Des intégristes (dont l’automobiliste dont il était question plus haut, sans doute) ne manqueront pas de dénoncer l’insidieux anthropomorphisme auquel se livre l’unique rédacteur - dessinateur de La Hulotte. Il n’hésite pas en effet à proposer des "guides des oiseaux du bord de la route" (n°20, 1974), "pour s’y reconnaître parmi tous ces blousons noirs, hâtivement englobés sous le terme de “corbeaux”". Ou à imaginer des abeilles sans-culottes, toutes à leur tâche de renverser l’odieuse reine tyrannique (n°28-29, 1975). Ou même à rendre compte du congrès des lapins royalistes, pour lesquels la restauration de la monarchie, grande consommatrice de fourrures d’hermine, constituerait une garantie contre ce prédateur.... Alors que, c’est bien connu, les animaux ne parlent pas, et font encore moins de politique. Des éternels insatisfaits (et notre chauffard doit en être, forcément) se plaindront du rythme moins soutenu de parution du journal (un à deux numéros par an, le dernier en date traite du sphinx colibri), ou de la raréfaction des bandes dessinées au profit d’abondantes bibliographies (mais toujours sans qu’aucune publicité ne vienne reposer l’œil fatigué par plus de 40 pages de lecture)...

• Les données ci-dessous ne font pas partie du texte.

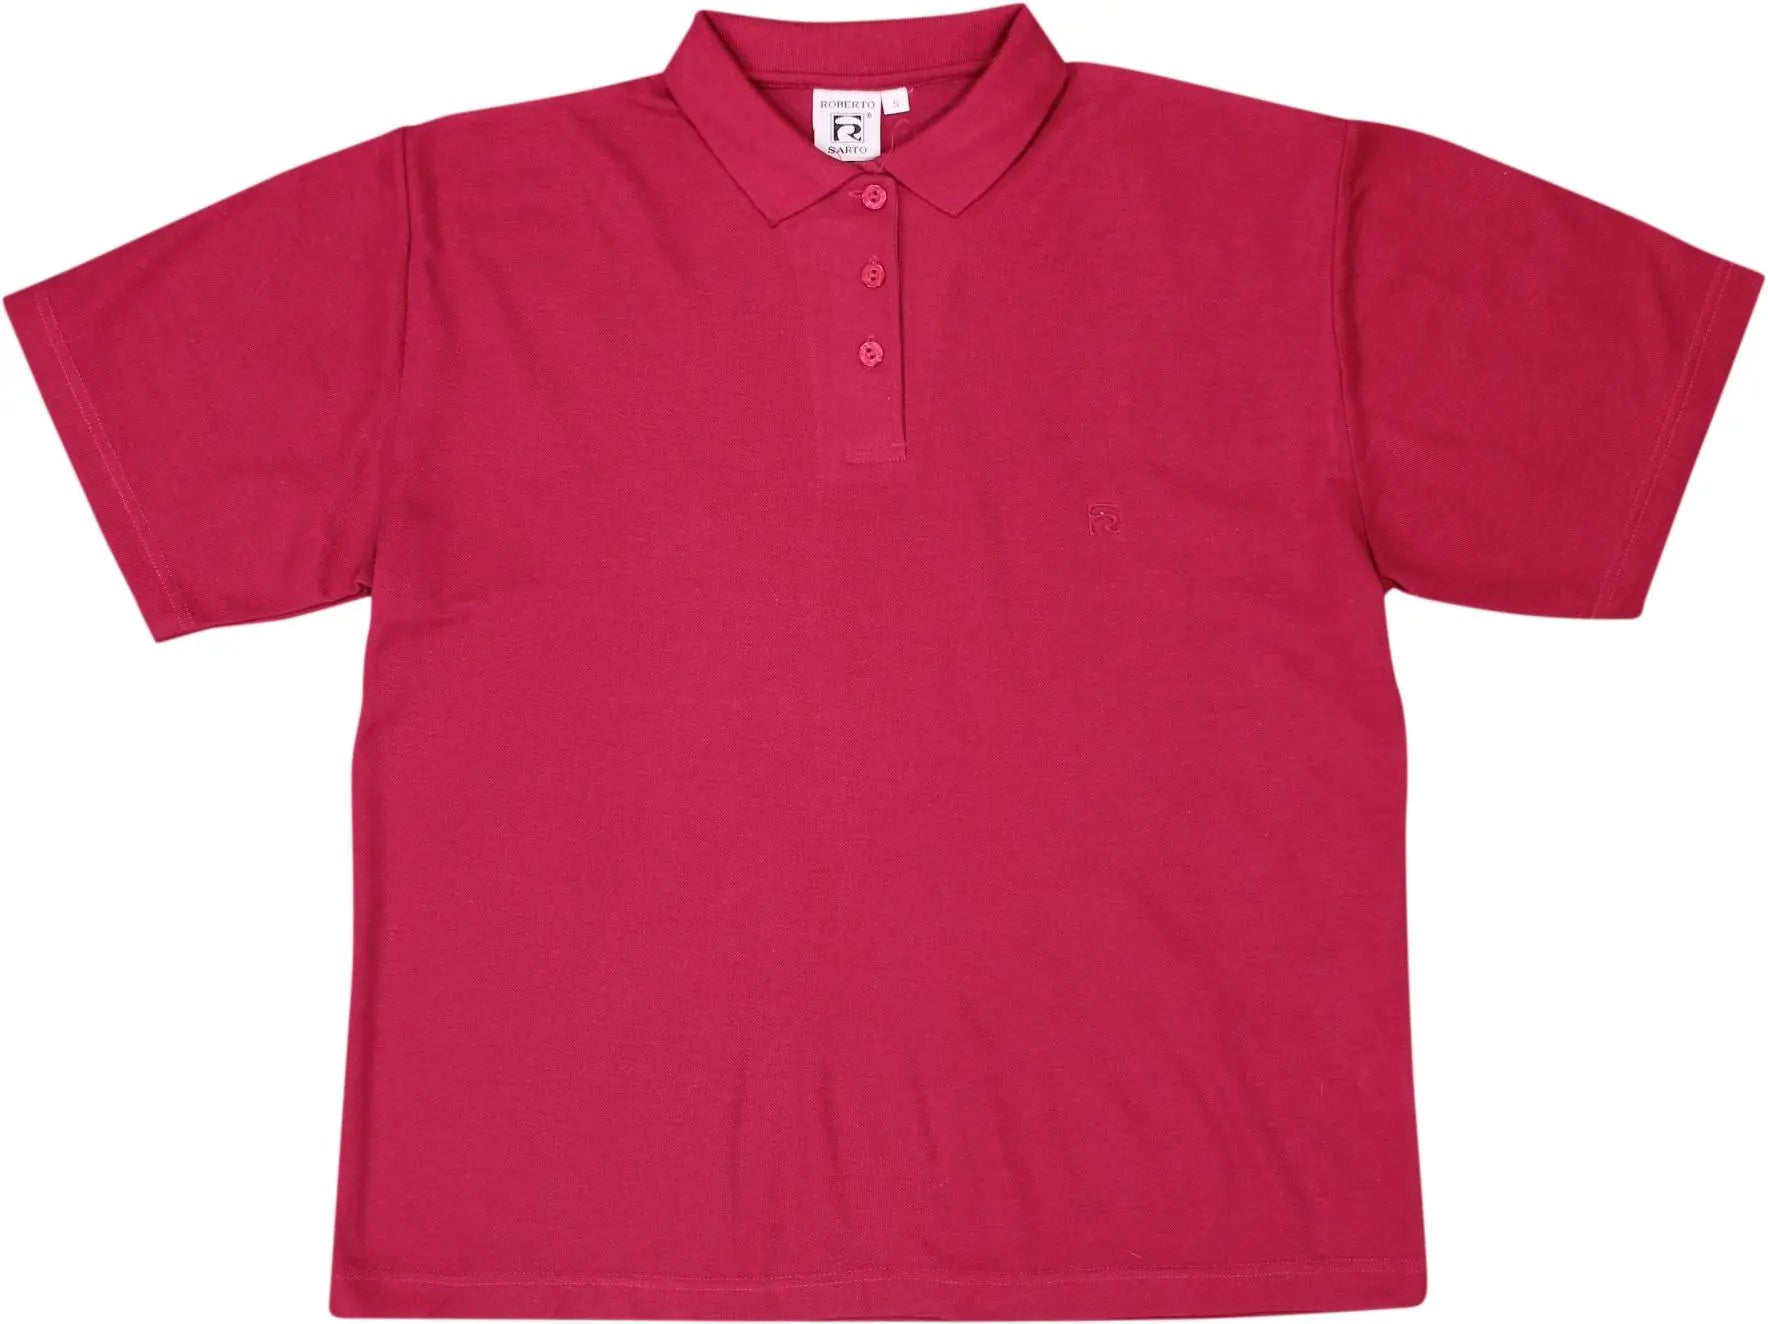 Roberto Sarto - Pink Polo Shirt by Roberto Sarto- ThriftTale.com - Vintage and second handclothing

C’est sur ces réflexions qu’on n’éprouvera alors nul remord à exercer de réjouissantes représailles à l’encontre de la voiture qui obstrue le passage, pour poursuivre la promenade. Mais on se promettra de retourner le week-end prochain à la traque pacifique de l’Arum tachetée, une plante qui attire, par ses effluves nauséabonds, et à des fins inavouables que la morale réprouve tellement elles touchent à la reproduction, la malheureuse mouche psikoda (trois jours de détention !), ou d’éprouver l’état de ses capacités à distinguer le terrier du renard de celui du blaireau.